蕭旭倒是突然想起來了,胭脂之前說過她的家人都被土匪害了命。
現在只剩下她孤身一人了。
“你知不知道,你受了很嚴重的傷,活不長了。”
一旁的留下偷聽的張德意忍不住咬牙,這蕭大人到底會不會說話啊,直接上來就說人家活不長了。
這姑娘不會當場氣死吧,牙疼啊牙疼。
胭脂蒼白的臉上帶著溫柔的笑意,寫下一行字,“我知道,能看著大人平安無事,我沒什么好后悔的。”
剛寫完臉上就露出了痛苦的表情。
一旁的大夫開口,“姑娘,你傷的太嚴重還是別再寫字了,你的傷在左肩,一動就會牽扯到傷口,會更疼的。”
“你好好休息吧,我會找人來照顧你。”
蕭旭起身離開,張德意急忙跟了出去。
到了院子里,張德意就嘖嘖出聲,“好一個癡情女子,可惜了,就是不會說話,聽剛才那大夫說要是好好治的話,應該有說話的希望的。”
兩次救命之恩啊?這么大的恩情,該咋還啊!
換了他就把人娶回去,下半輩子好好照顧著。
不過蕭大人已經成親了,看樣子是不可能了。
要是人家姑娘愿意當妾室也行。
哎呀,他怎么就遇不上這么癡心一片,但愿和他同生共死的女子,那些個瘦馬都不是真心的。

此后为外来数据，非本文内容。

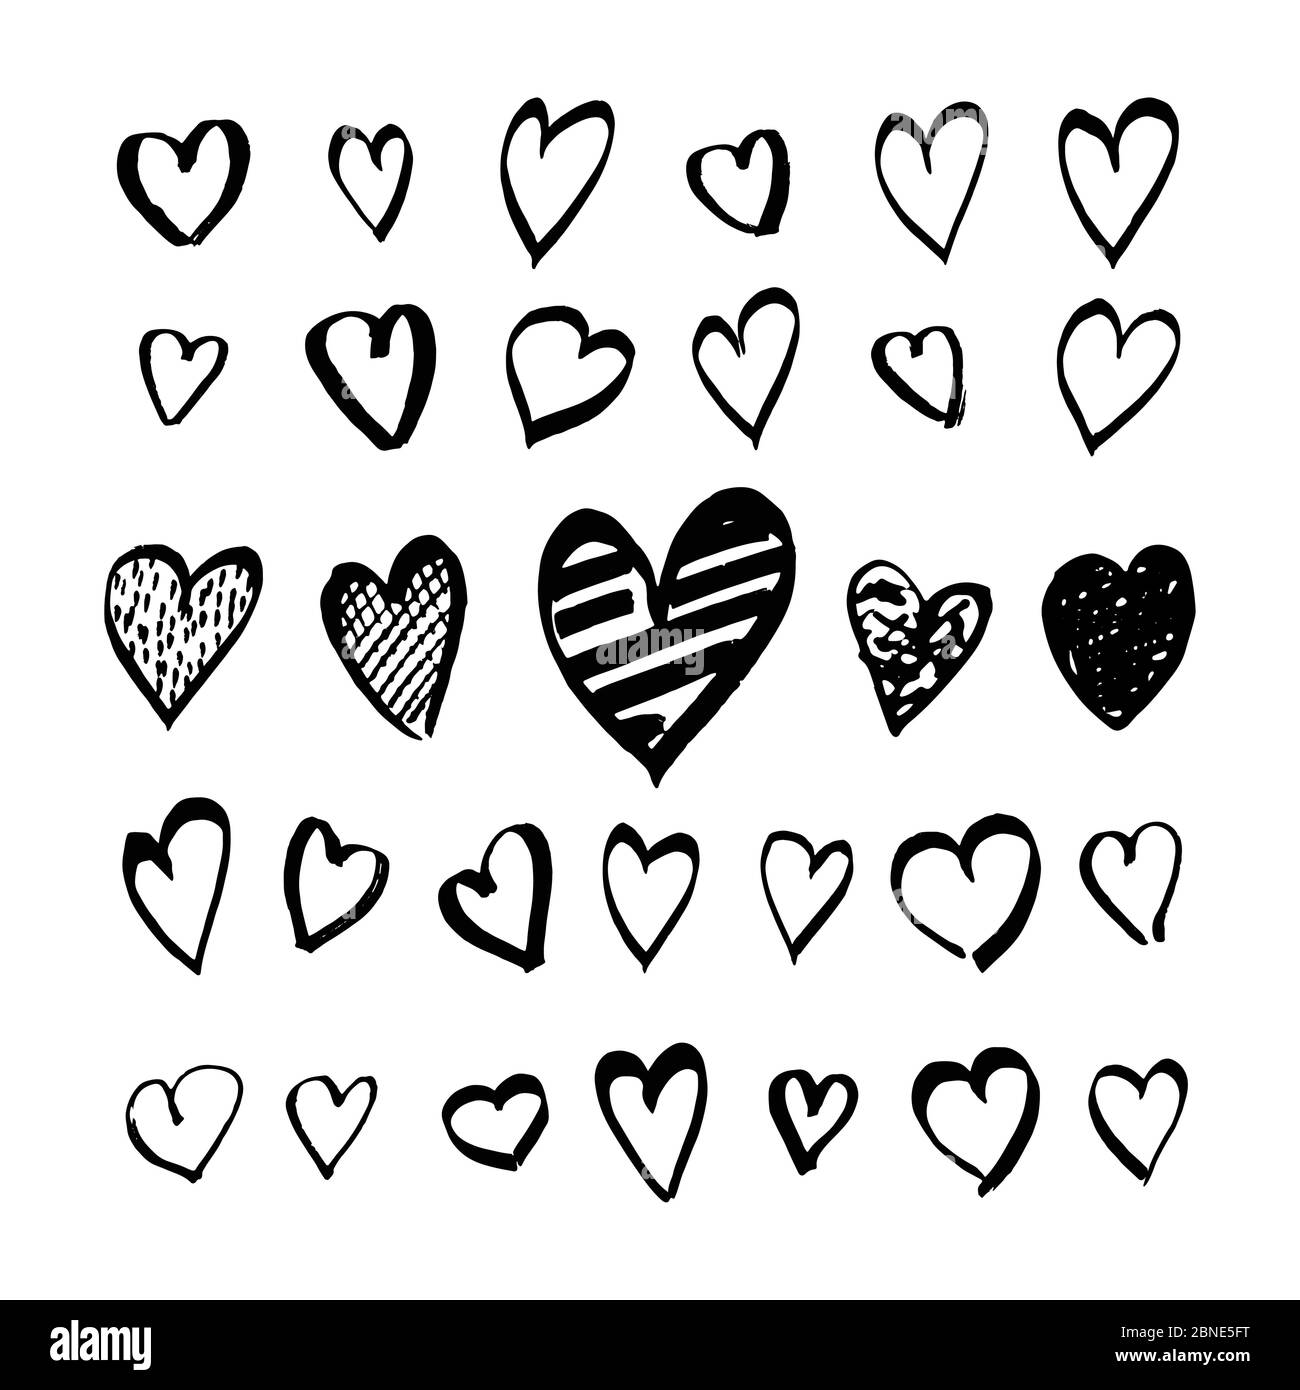 Herz-Symbole von Hand gezeichnet Set in Doodle-Stil. Skizzenhafte Designelemente für Valentinstag oder Hochzeit. Schwarze Love-Symbole auf Weiß isoliert. Vektor-eps8 i Stock Vektor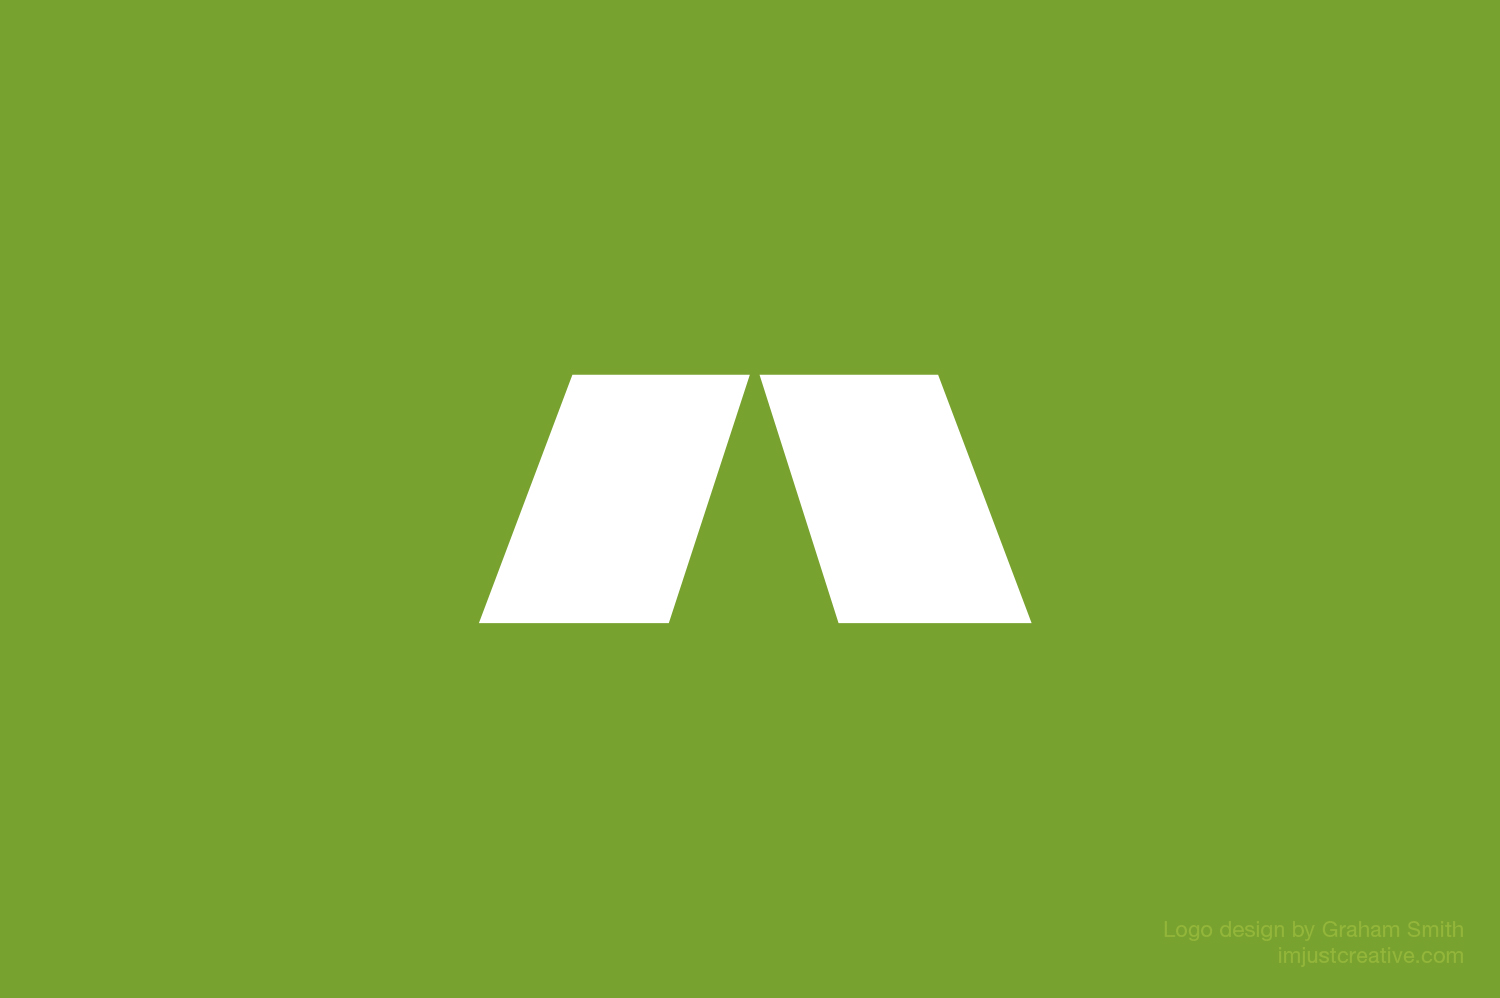 Abacus Insurance logo designed by imjustcreative

蕭旭剛才詢問了胭脂的病情,要用上好的藥養著,而且嗓子也是后天毀了的,并不是先天啞巴,還是有機會治愈的。
蕭旭皺眉,“廢話那么多,收尾了,該回去復命了。”
張德意見蕭旭還是一副冷著臉的表情,腦子里只想著怎么干活,敬佩也如同滔滔江水。
如此癡心絕情蕭大人都不為所動,怪不得用兵如神,如此睿智。
這就是所謂的心中無女人,拔刀自然神嗎?
蕭旭懶得跟這人說話,直接扭頭走了。
房間里,蕭旭專門讓曲老爺找來的侍女進來照顧胭脂了。
侍女一進門就見胭脂呆呆地看著門口,眼睛亮了一下,又帶上了失望。
“胭脂姑娘,奴婢翠兒,是大人專門派來伺候你的,你有什么需求都可以寫完紙上吩咐奴婢去做。”丫鬟翠兒對著胭脂行禮。
這回是個識字的侍女。
胭脂沖她笑了笑,搖了搖頭表示自己什么都不要。
翠兒打了水給胭脂凈面,語氣有些感嘆,“姑娘,聽聞你之前就救過蕭大人,你可真是太勇敢了,居然敢上去擋刀,要是換了一般人嚇都要嚇死了,你就不怕嗎?”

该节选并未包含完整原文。